GlobalSign stops secure certificates after hack claim
Belgian security firm GlobalSign has temporarily stopped issuing authentication certificates for secure websites.
It comes after an anonymous hacker claimed to have gained access to the company's servers.
If confirmed, it would be the second security breach at a European certificate authority in two months.
Hundreds of bogus DigiNotar authentications were issued following an intrusion into its systems.
Certificate authorities (CAs) are companies or public bodies whose job is to confirm that secure websites are genuine.
When computers connect to a site with TLS or SSL authentication, a certificate is issued which verifies the site's identity to the web browser.
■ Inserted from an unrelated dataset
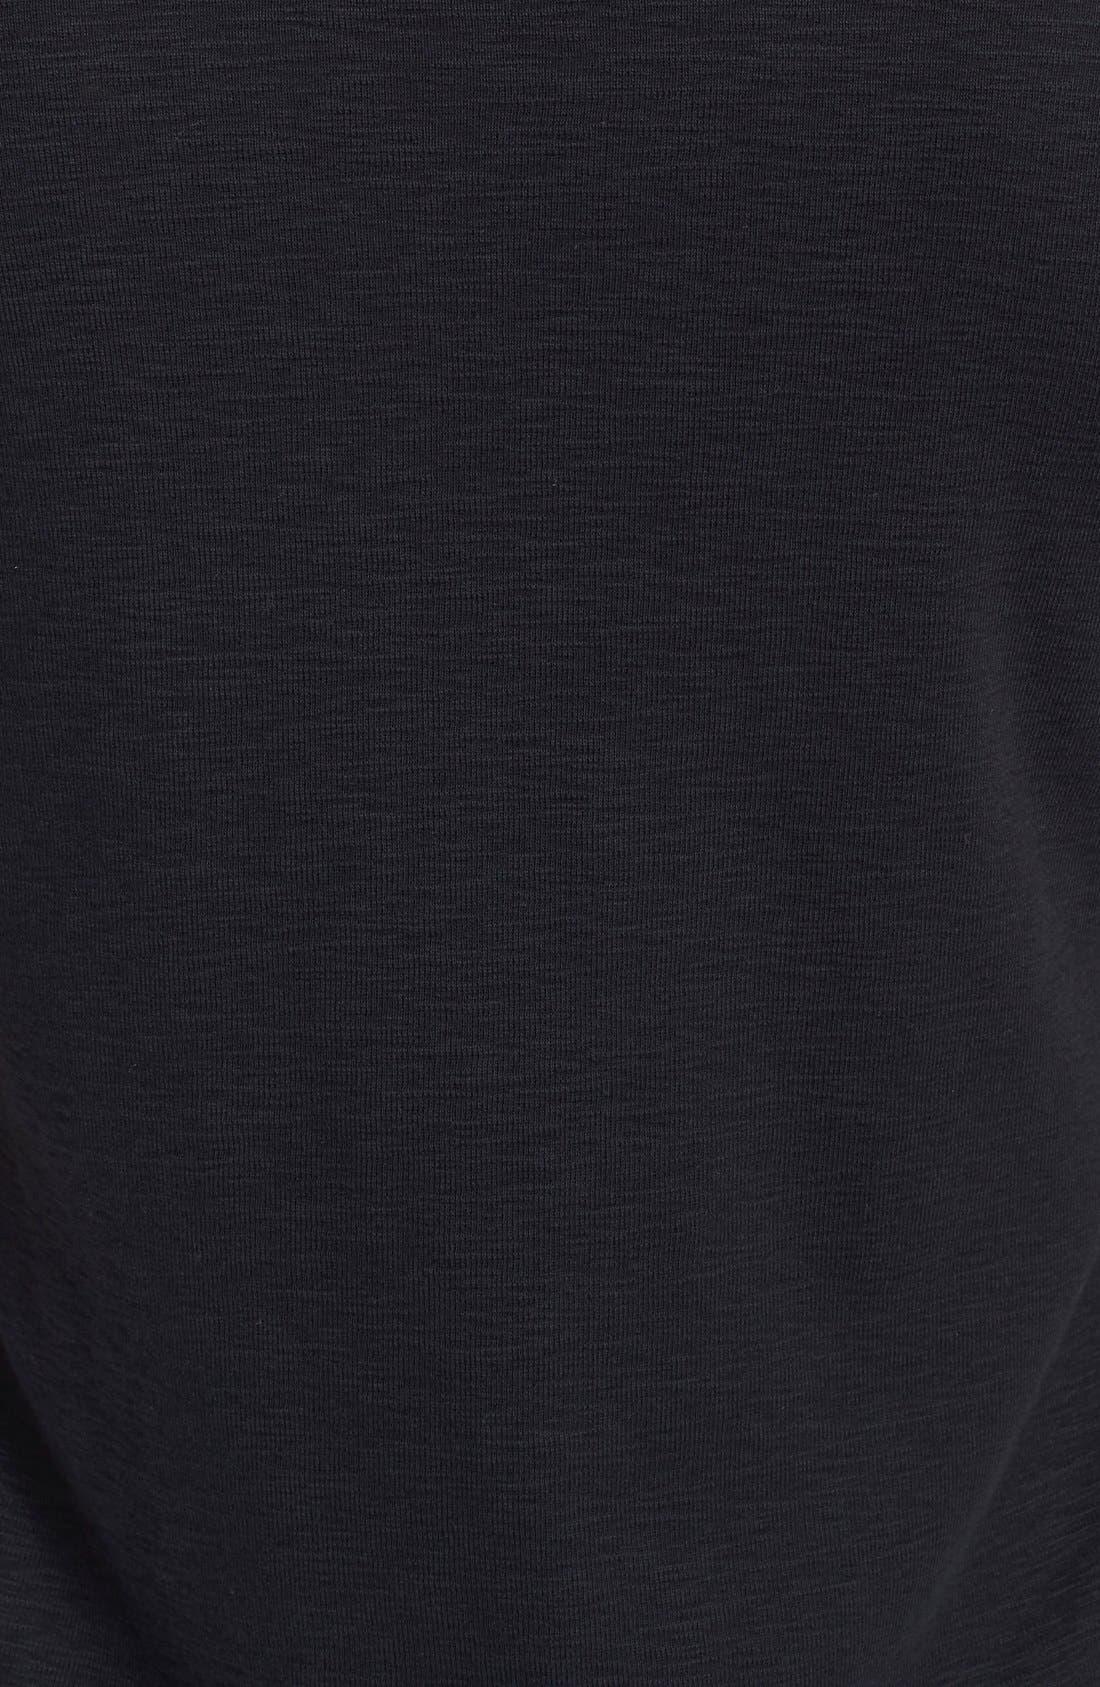 Ribbed Slub Cotton T-Shirt,                             Alternate thumbnail 5, color,                             Black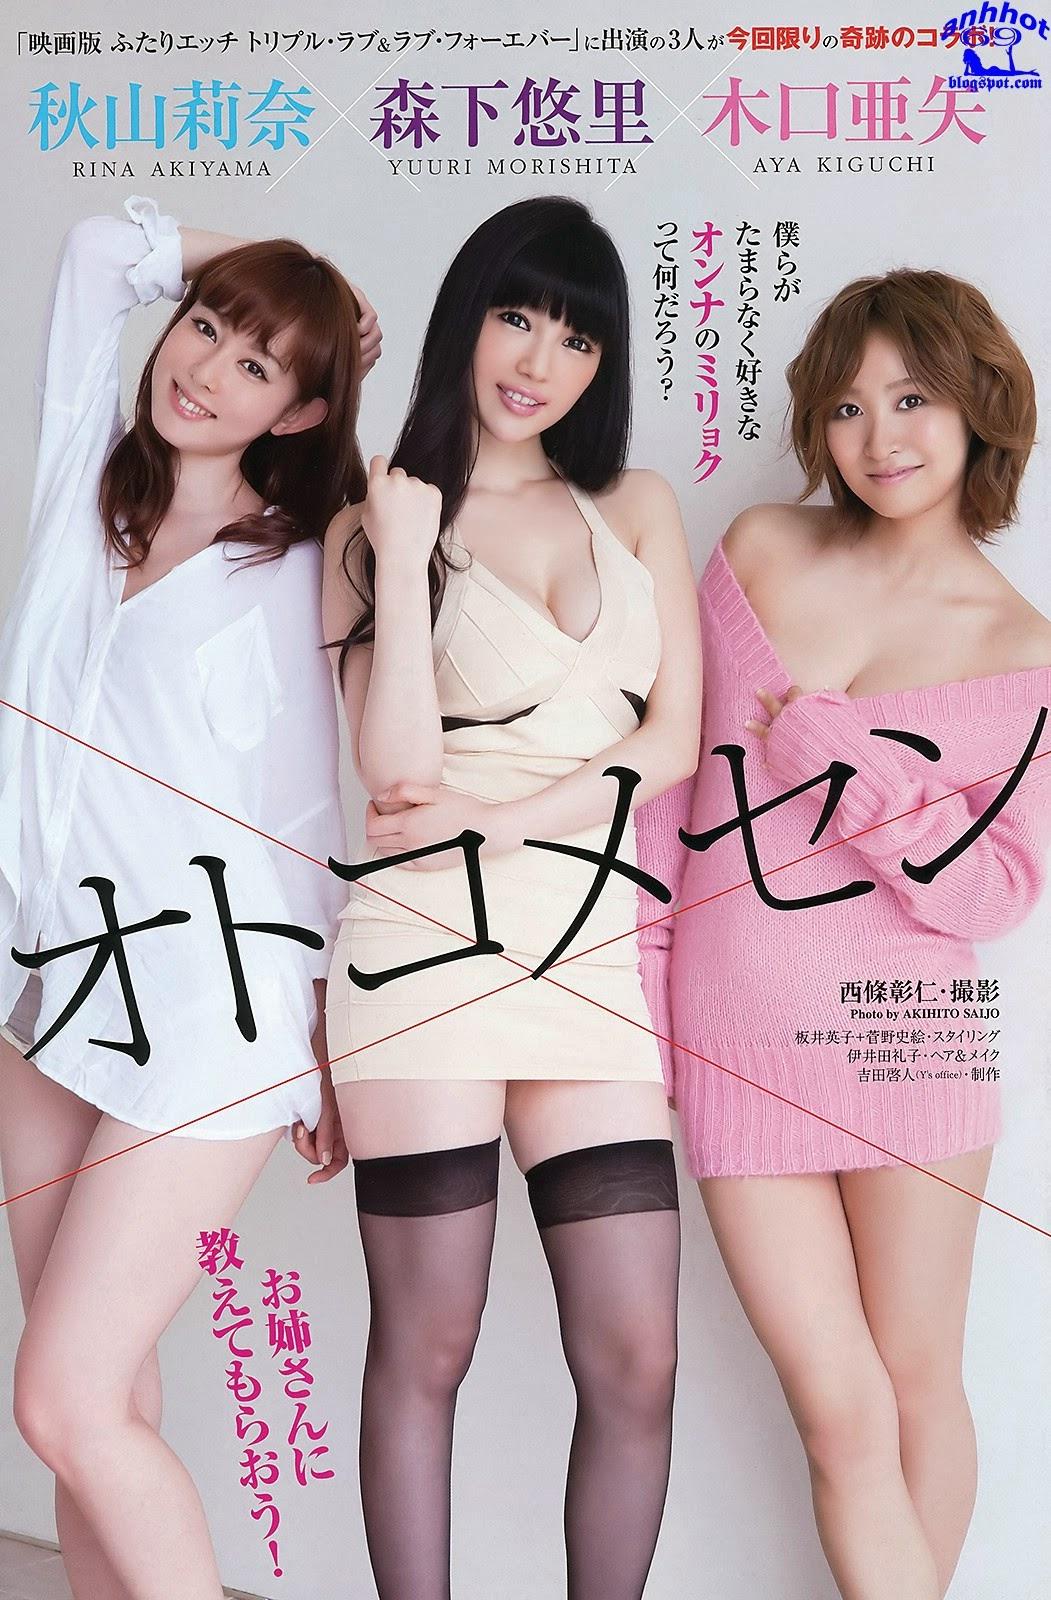 yuuri-morishita-02096073

Fake certificates could allow someone to spy on a user's activity.
GlobalSign took action as the result of a posting which appeared on the online notice board Pastebin.
The author, who identified themselves only as "ComodoHacker", claimed to have gained access to four certificate authorities, in addition to DigiNotar.
Only GlobalSign is named, although the message points out that an attack on StartCom was foiled by its boss Eddy Nigg.
ComodoHacker also refers to an attack on US certificate authority Comodo, which was targeted in March.
As a precaution, GlobalSign said it was temporarily ceasing the issuance of all certificates while it investigated the claims.
The hacker also played down suggestions that the attacks were the work of Iranian authorities.
"I'm single person, do not AGAIN try to make an ARMY out of me in Iran. If someone in Iran used certs I have generated, I'm not one who should explain," said the posting.
It had been suggested that, because many of the bogus DigiNotar certificates were issued to users in Iran, that authorities in there may have initiated the CA hack as a tool for spying on dissidents.
A report on the DigiNotar attack said that up to 300,000 Iranians may have had their Gmail accounts monitored as a result of a fake Google certificate being created.
While the anonymous posting contains no information about the identity of the CA hacker, it does detail a political agenda.
The message states: "Dutch government is paying what they did 16 years ago about Srebrenica, you don't have any more e-Government huh?"
It appears to reference the apparent non-intervention of Dutch peacekeeping forces during the notorious 1995 Srebrenica massacre, where Serbian forces killed more than 8,000 Bosnian Muslims.
DigiNotar certificates are used to authenticate many online services offered by the Dutch government, although the company has said that these use a separate system which was not compromised during the attack.
State prosecutors in the Netherlands are investigating the incident.